В 11 часов ночи, после долгих хлопот друзей, с трудом разыскавших извозчика, согласившегося ехать за телом, Лермонтов был доставлен на свою квартиру. Здесь он находился до похорон. Лорер описывает свои впечатления так:
«Мы оба с Вегелиным пошли на квартиру покойника, и тут я увидел Михаила Юрьевича на столе, уже в чистой рубашке и обращенного головой к окну. Человек его обмахивал мух с лица покойника, а живописец Шведе снимал портрет с него масляными красками. Дамы, знакомые и незнакомые, и весь любопытный люд теснились в небольшой комнате, а первые являлись и украшали безжизненное тело поэта цветами… Полный грустных дум я вышел на бульвар… Во всех углах, на всех аллеях, только и было разговоров, что о происшествии… Я заметил, что прежде в Пятигорске не было ни одного жандармского офицера, но тут, бог знает откуда, их появилось множество, и на каждой лавочке отдыхало, кажется, по одному голубому мундиру».

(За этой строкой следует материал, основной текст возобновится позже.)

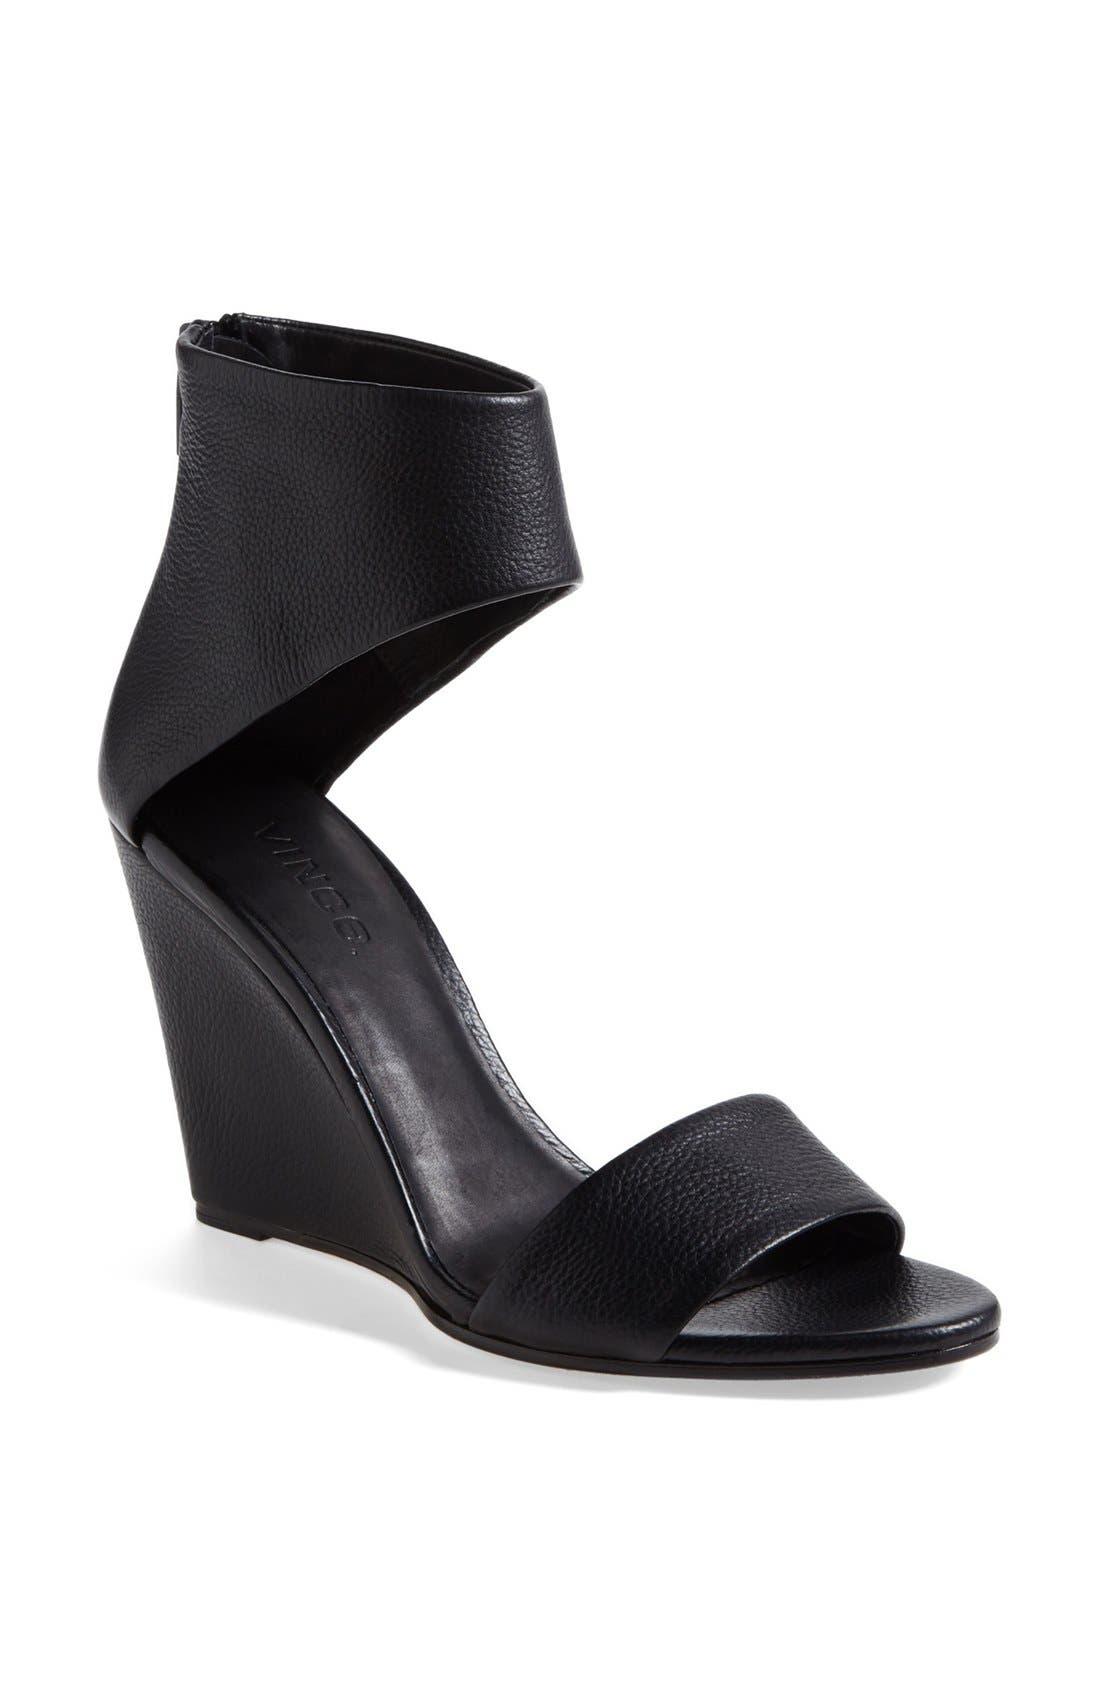 Alternate Image 1 Selected - Vince 'Kelan' Ankle Strap Sandal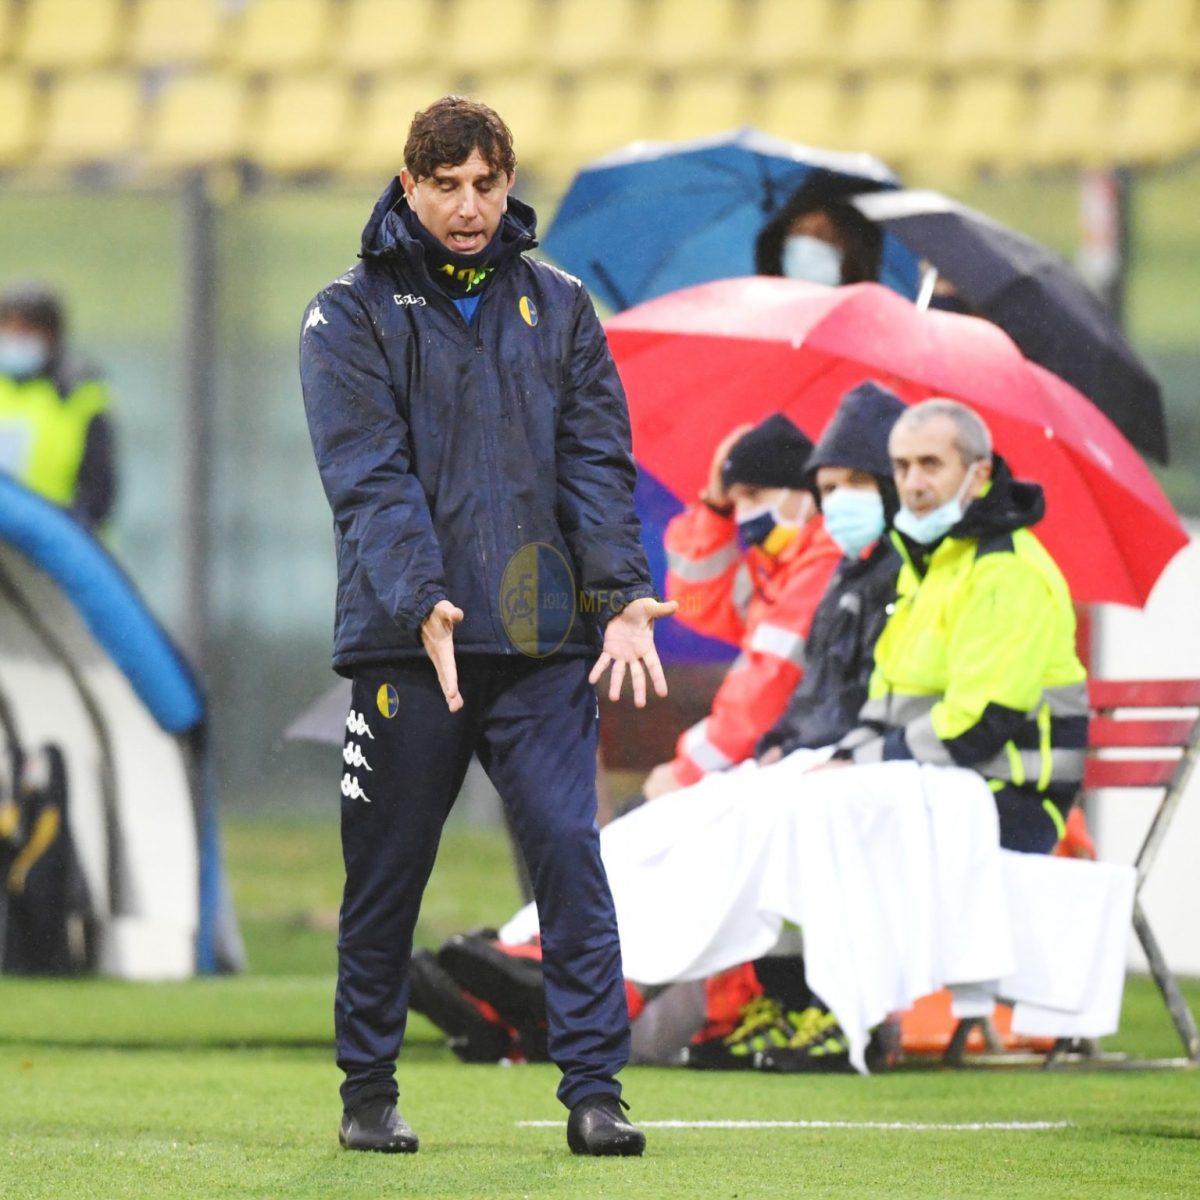 Modena calcio: mr. Mignani e Vergassola aisaluti.

Организация похорон представила большие трудности, так как священник В. Эрастов отказался отпевать поэта и позже даже сделал донос на протоиерея П. Александровского о том, что тот проводил тело Лермонтова до могилы. В своем же доносе он писал, что «Лермонтова, как самоубийцу, надо было палачу привязать веревкой за ноги и оттащить в бесчестное место и там закопать». Это высказывание мракобеса Эрастова рисует то гнусное отношение к великому поэту, которое имелось в реакционных кругах царской России и подготовляло почву для организации его убийства. Свободное правдивое слово поэта, осуждавшее пороки общества, где подвизались эрастовы, вызывало у слуг царизма лютую ненависть.